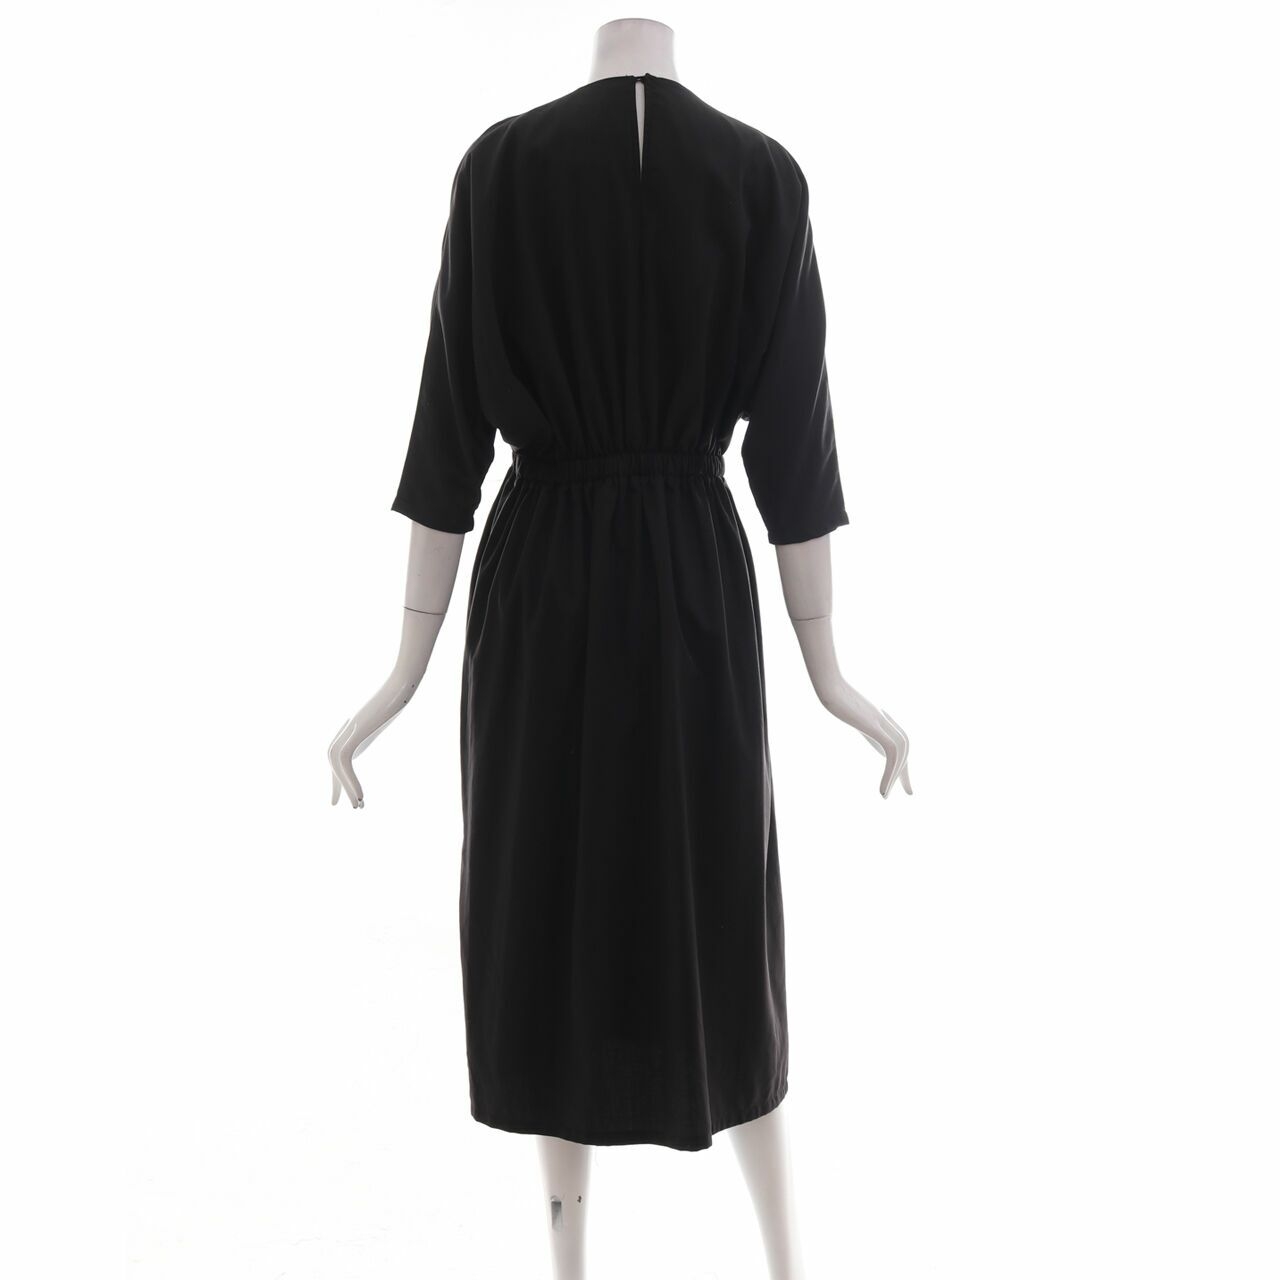 Peggy By Shop At Shopee Black Midi Dress
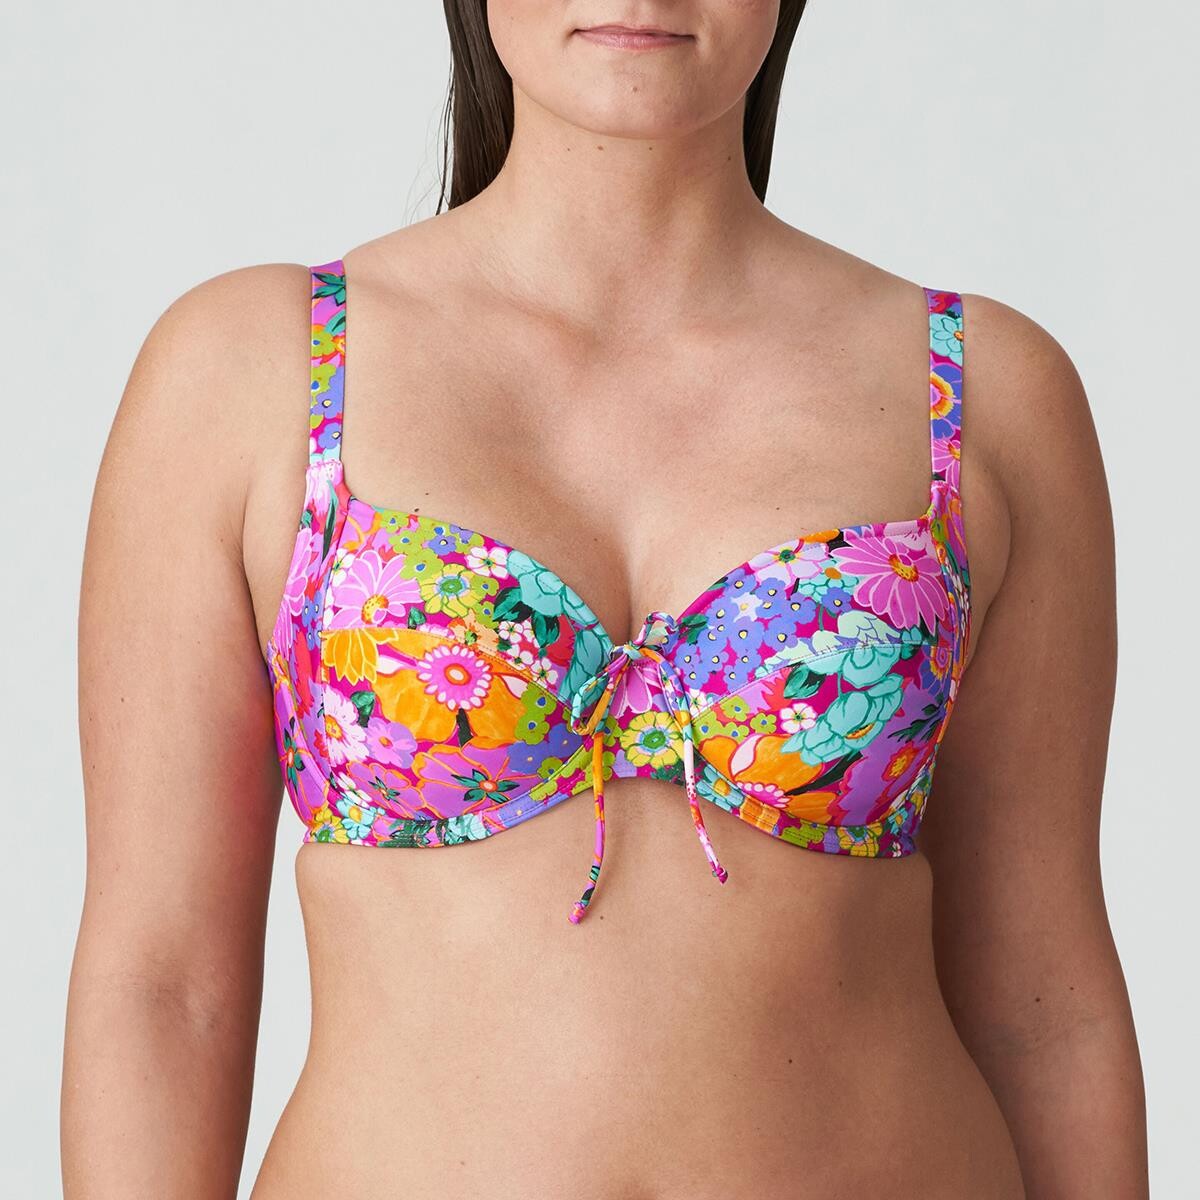 Primadonna Najac Bikini Top Med Bøjle Flx, Farve: Multicolor Explosion, Størrelse: 95G, Dame
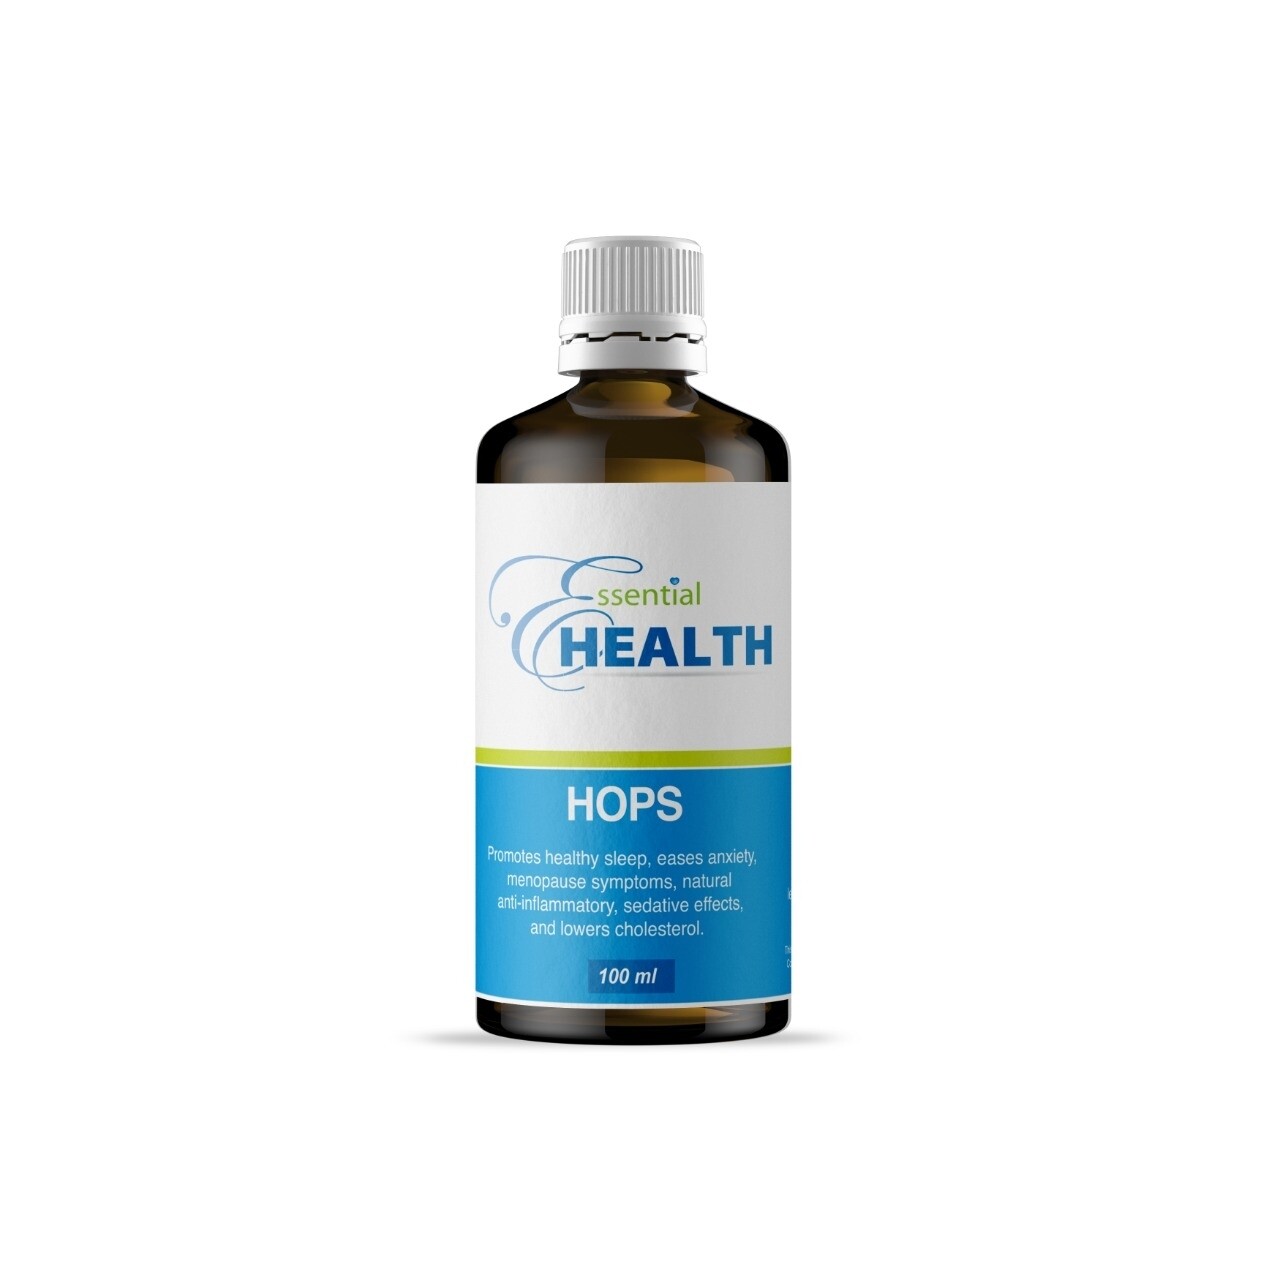 Essential Health Hops 100ml

• _Exercise aim_:
Line by line and exactly, write out the material above. Skip the pictures.

• _Answer for this exercise_:
 Peggy By Shop At Shopee Black Midi Dress
 Primadonna Najac Bikini Top Med Bøjle Flx, Farve: Multicolor Explosion, Størrelse: 95G, Dame
 Essential Health Hops 100ml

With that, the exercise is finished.